How to promote from dev to prod environments when using different external systems
Problem:
I’ve recently been working with a client who had used their Data Studio development environment to create workflows based on data they’d extracted from their development SQL Server database. They were in a position to promote those workflows to their production environment, and also point the data sources to use the live data from their production SQL Server DB (a separate instance to the dev database, with different credentials).
They wanted to ensure that they followed the right steps so that any future updates to their workflows in the dev environment could easily be synchronized to production, without the need to edit workflows once or reconfigure the external system every time.
Data Studio’s synchronization functionality allows you to do this, but it’s important to follow the steps laid out below.
To do this, we’ll make use of Data Studio’s metadata management capability: the ability to export any of the logic (dataset schemas, views, workflows, functions, external systems etc.) from one space to another. Note that no actual data will be exported or imported.
Scenario:
Environment 1 (DEV):
- External System connection to Azure SQL Server dev instance w/ dev credentials
- Space 1: Data Import
- Used to control access to source data
- Two datasets loaded from external system
- Two views created from these which are shared into…
- Space 2: Data Usage
- Contains workflow(s) that process the data in the views and export back to the external system
Environment 2 (PROD):
Desired State:
- External System connection to different SQL Server DB (it must be using the same JDBC driver)
- Identical Space / Dataset / View / Workflow structure
- Intention is to preserve links between dev and prod systems (to allow regular synchronization) without having to reconfigure the external system / credentials each time
Solution:
Initial set-up:
- In order to get into this desired state, the first thing you will need to do will be a full export of the contents of each space that you want to transfer from the DEV environment - including the external system & credential at least once (for my example, I export the external system and credential from the ‘Data Import’ space and just the workflow from the ‘Data Usage’ space - see screenshots at the end for the specific exports I configured)
- Ensure that the same driver used for the DEV environment external system is installed in the PROD environment
- Create spaces in the PROD environment to synchronize these .dmx files into. You many choose to use the same space names in Dev and Prod, but this isn’t a requirement. We would recommend using the same space structure
- Synchronize the space export that contains the external system and credential first, followed by the remaining spaces.

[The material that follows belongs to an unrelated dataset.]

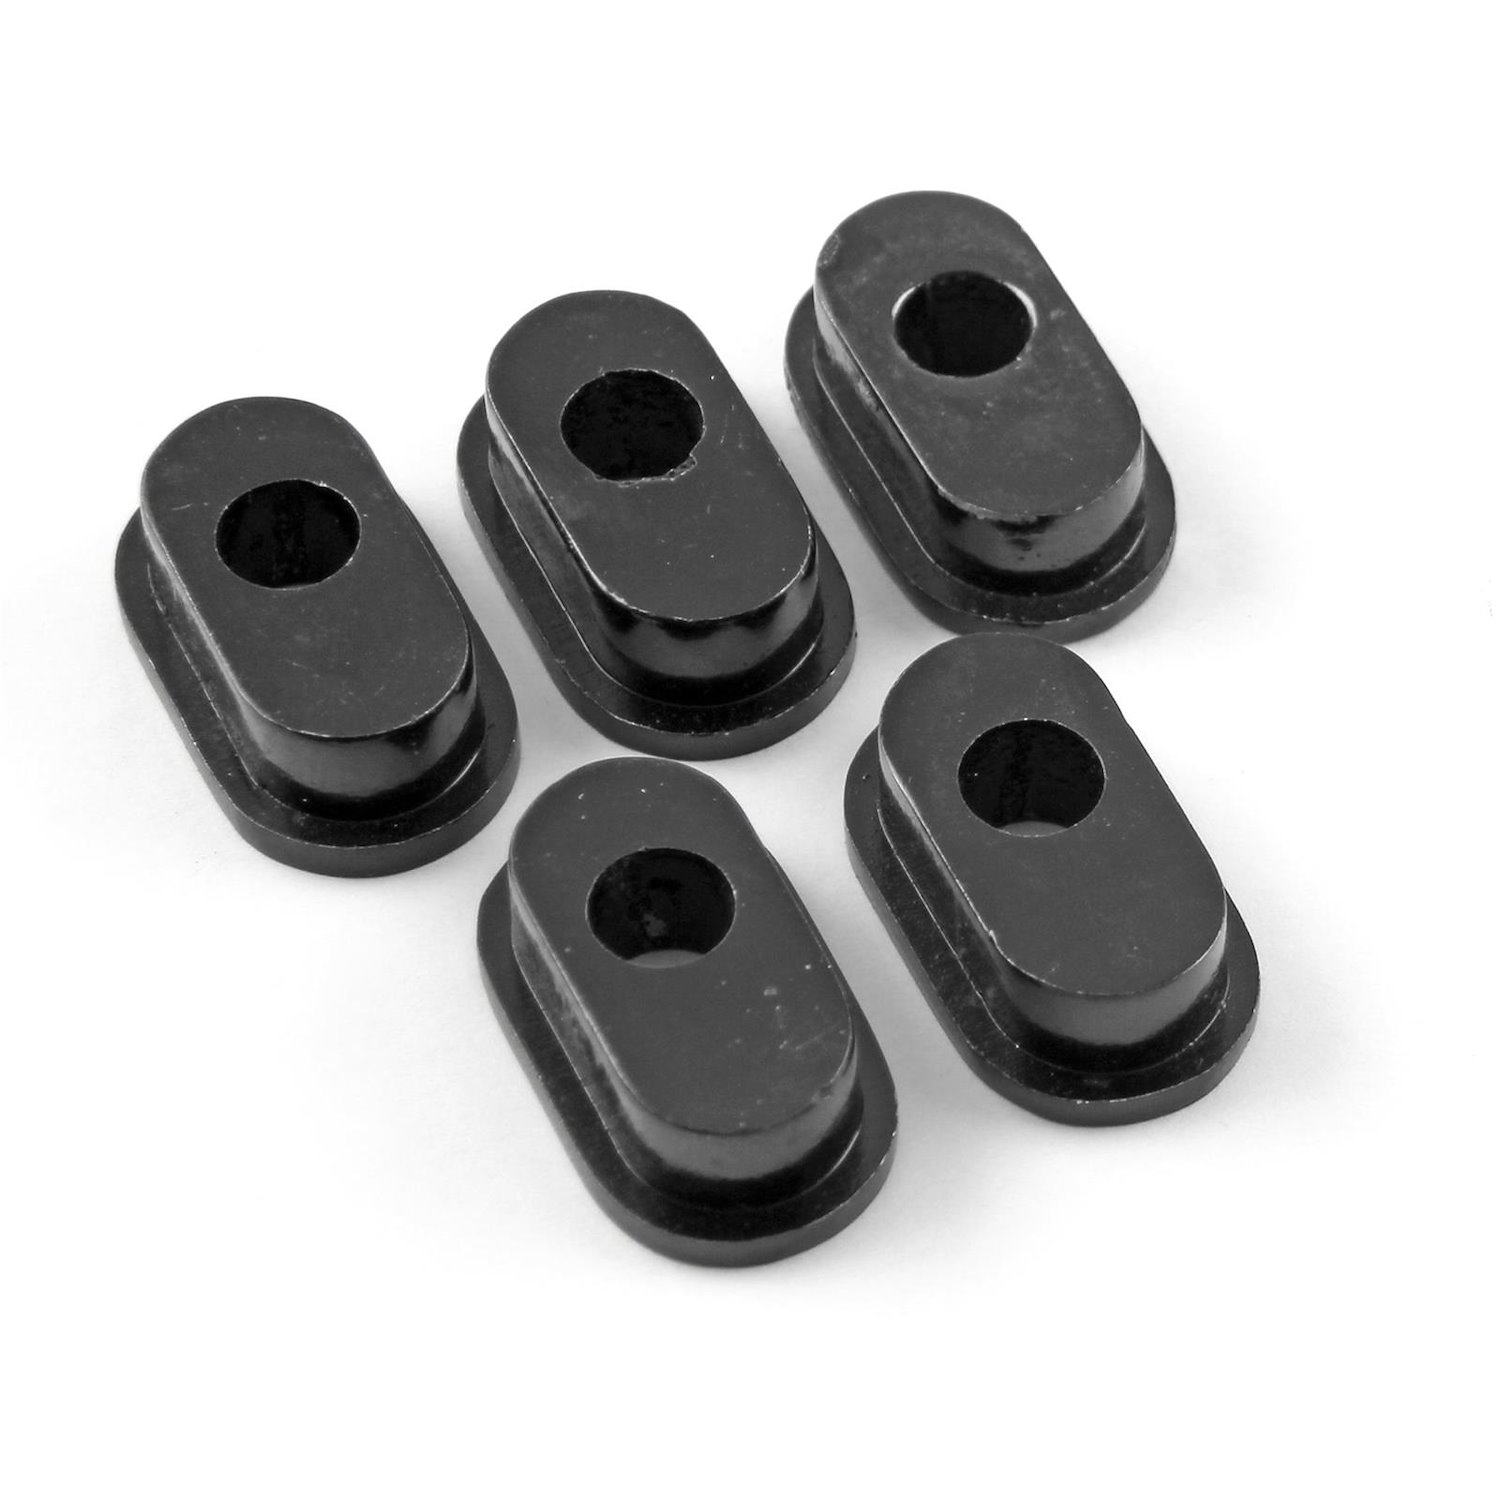 Replacement Caster Bushings For Tds4003 A-Arms

- NB Synchronize retains the link between the internal source repository UUID and the target internal repository UUID. Import will always import objects as new and not retain these links between systems
- Inspecting your spaces now should show everything is as it was in the DEV environment (including shared views / datasets / workflows etc.) with no errors reported in the workflows
- Finally, update the external system's connection properties to point to the PROD database, and fix up the credential used to to access the external system. It’s important at this stage to edit the existing External system and credential that you just synchronized, rather than creating new ones, as this maintains the link between the Datasets and their source system. Refreshing the data in your newly synchronized Datasets will now import data from the relevant tables in the production DB.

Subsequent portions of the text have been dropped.